Emerson likely became aware of Maya after reading Charles Grant’s Poem on the Restoration of Learning in the East (1807). Grant supposed Maya to be a “Goddess sprung from Brahma.” This is not wrong. Maya is the visible diversity of the cosmos, or nature, that clothes its unity: the One, Brahman. She is often referred to as the “veil of illusion.”
Emerson, who loved the Greeks, noted a relation between Grant’s Maya and the Greek Pallas Athena, goddess of Wisdom, Arts and War, who sprang from Zeus’s head fully formed in battle armour. There is a well known myth from the Roman poet Ovid about a weaving competition between Athena and Arachne, a mortal girl. Arachne weaves a cheeky tapestry mocking the gods, yet her skill matches that of Athena.
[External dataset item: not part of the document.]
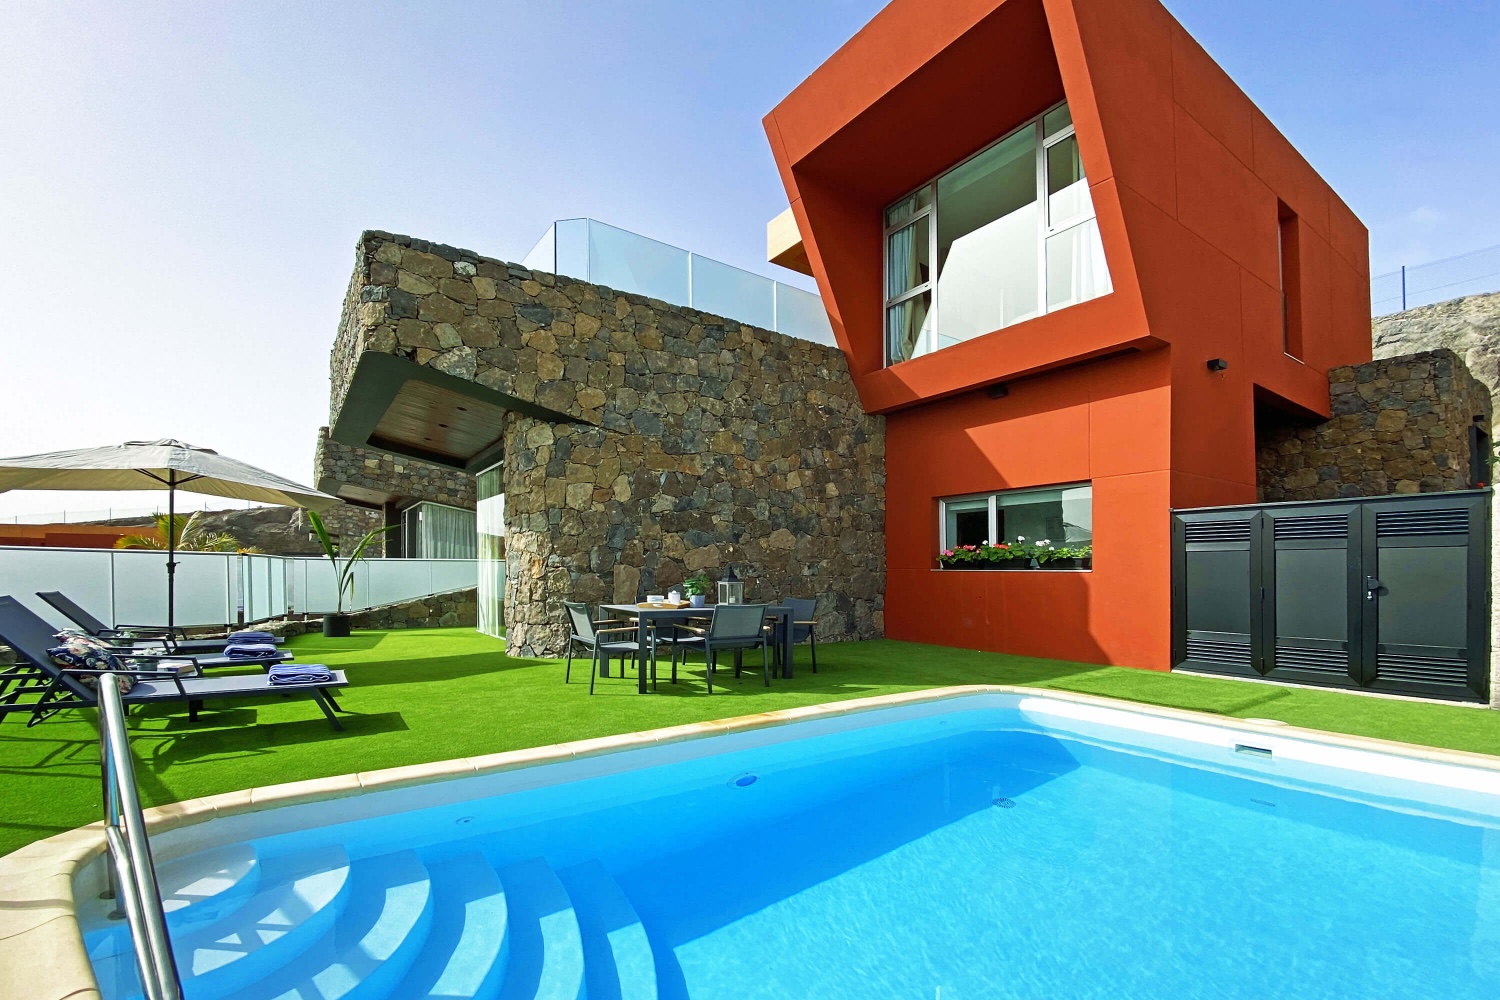 Modern and bright villa, fully equipped, perfect for enjoying the good weather in the south of Gran Canaria in a unique setting.

This infuriates the goddess and she beats the girl, who then commits suicide and is transformed into a spider.
In Maia, Emerson uses this myth of Athena and Arachne to amplify the relation between Western and Indian mythology that he saw in Grant’s poem and to refashion images of both the Greek Maia, one of the seven Pleiades who gave birth to Hermes, messenger of the gods, after she was raped by Zeus, and the Roman Maia, who is mother earth.
According to Emerson, Bishop Berkely’s idealism brought him to see that “there was a cause behind every stump and clod” which made the material world “oscillate a little and threaten to dance.” In his studies of Indian spirituality, Emerson found the cosmic dance of Puruṣa (soul) and Prakṛti (nature) within the ancient dualist metaphysics of the Samkhya-Yoga school (darśana). Emerson believed that this Indian vision (darśana) of Puruṣa–Prakṛti was equal to Kant’s vision of the Sublime, “the Idealist terror and beauty, life and light.”
This is the image that Emerson ultimately crafted in Maia.

Illusion works impenetrable
Weaving webs innumerable.
Her gay pictures never fail
Crowds each on other, veil on veil.
Charmer who will be believed
By man who thirsts to be deceived.
Illusions like the tints of pearl
Or changing colors of the sky
Or ribbons of a dancing girl
That mend her beauty to the eye.
The cold gray, down upon the quinces lieth
And the poor spinners weave their webs thereon
To share the sunshine that so spicy is.
Samson stark at Dagon’s knee
Gropes for columns strong as he;
When his ringlets grew and curled,
Groped for axle of the world.
But Nature whistled with all her winds,
Did as she pleased and went her way.